I’m going to check out the original “ride, shoot (the bow) straight and speak the truth” people now. Like the Japanese, they supposedly didn’t even lie during criminal trials. Wonder how they ran their politics?
I’ve known for a long time that I’m different. I have never liked “a buzz” from drugs of any type, including legal ones. Similar are my aversions to dirty tricks to honorable opponents. Once they transgress “the rules” then… well, I shouldn’t say.
I’ll grant you may be correct for vast majority of political types and maybe even people in general.
What I don’t understand is the implications of what you are saying. Are you suggesting, by my extrapolation, that there is no point in having a Bill of Rights, or even a constitution, unless we change our culture? I might be able to be convinced of that but it would be a bitter pill to swallow.
No. Bill of rights, Constitution, an excellent start! What we need to add to these is something like a religious belief in the desirability to think, plan and act righteously (as opposed to profitably or strategically in preparation for the next election cycle…)

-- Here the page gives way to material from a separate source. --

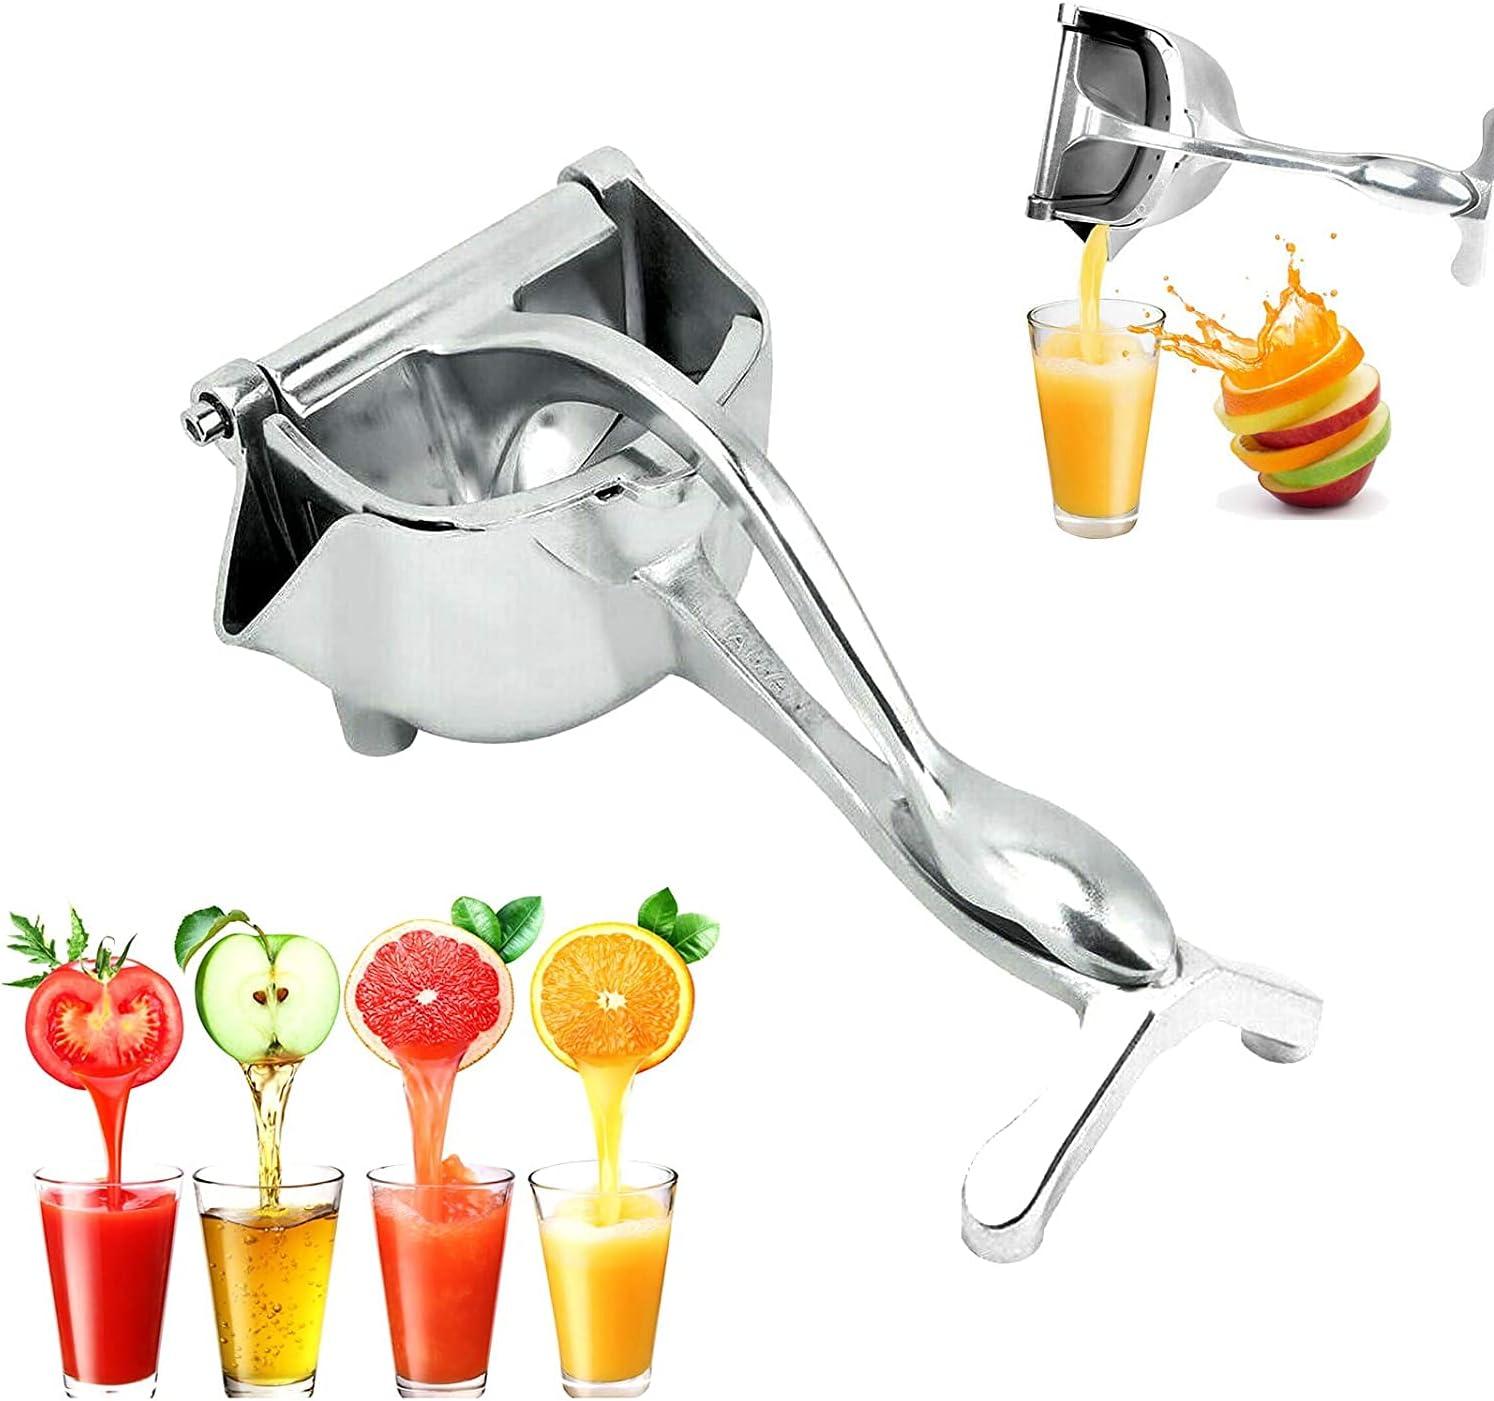 Exprimidor manual, prensa de fruta portátil, exprimidor de limón, naranja, exprimidor de frutas, exprimidor de cítricos, herramienta para todo tipo de frutas sin casco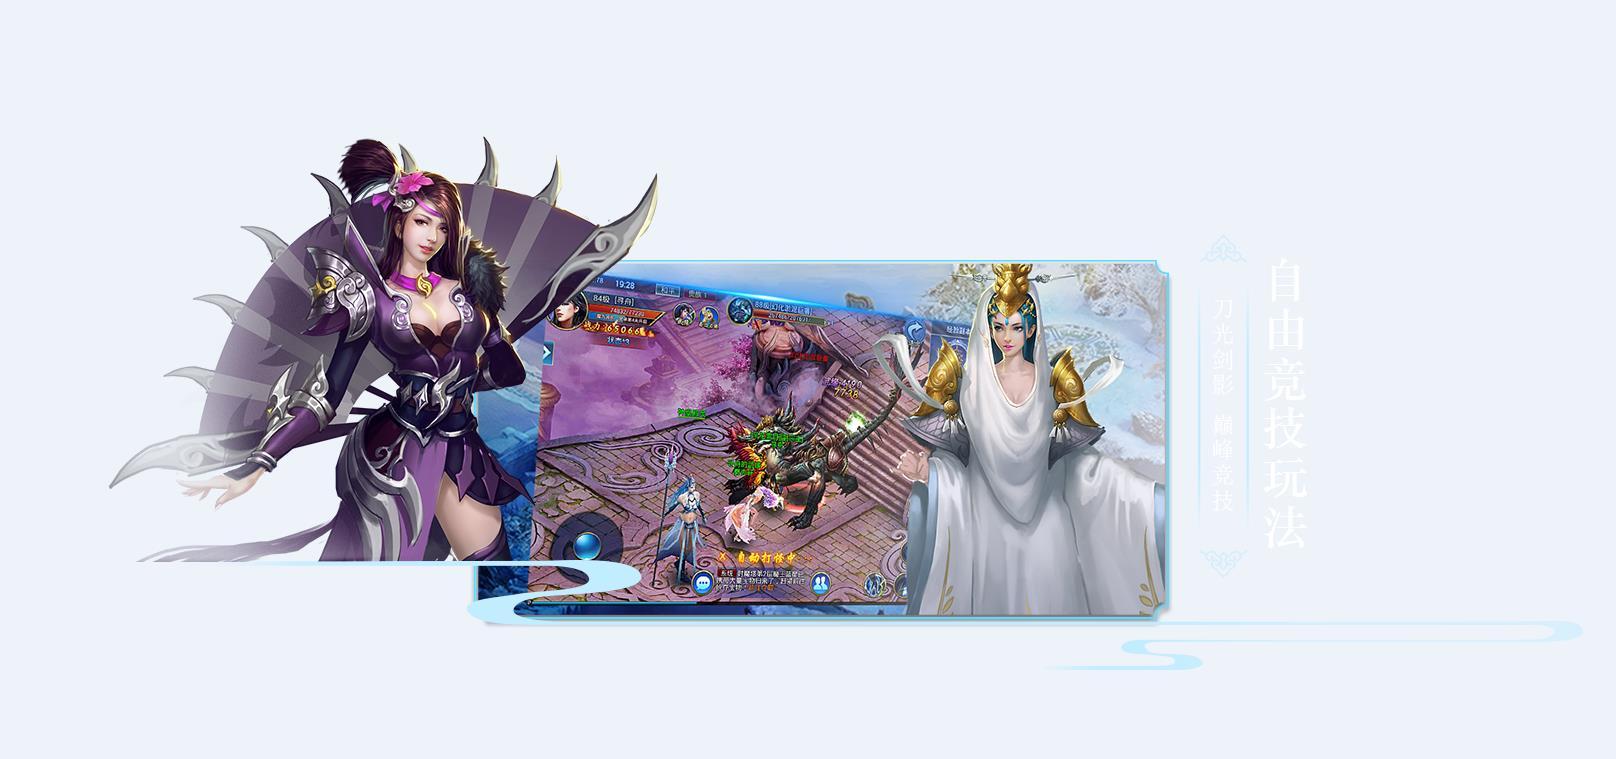 仙灵剑域游戏评测:玩法介绍与福利大合集[多图]

What do the folks who run our corporate and political infrastructure consider to be “righteous”? Do they even consider such a concept?
On good words, good deeds and good thoughts
==Some Basic Maxims of Zoroastrianism==
Good Thoughts, Good Words, Good Deeds.
* There is only one path and that is the path of Truth.
* Do the right thing because it is the right thing to do, and then all beneficial rewards will come to you.
What makes you think you have a bill of rights or a constitution -now-?
In the last 20 years alone, there is -no- Constitution, Amendment, or Law that the government has not wilfully violated in the extreme. There is no ethic they will not broach, no moral extreme they have not surpassed.
In all seriousness, sir… what makes you think you had a Constitution to begin with?
Why is it, that when I wish to comment on these news items, that I must be willing to give up my email address, my Facebook friend’s list and all other sorts of information?
Now, now. You just have to give *a* email address, etc. — who says it must be yours?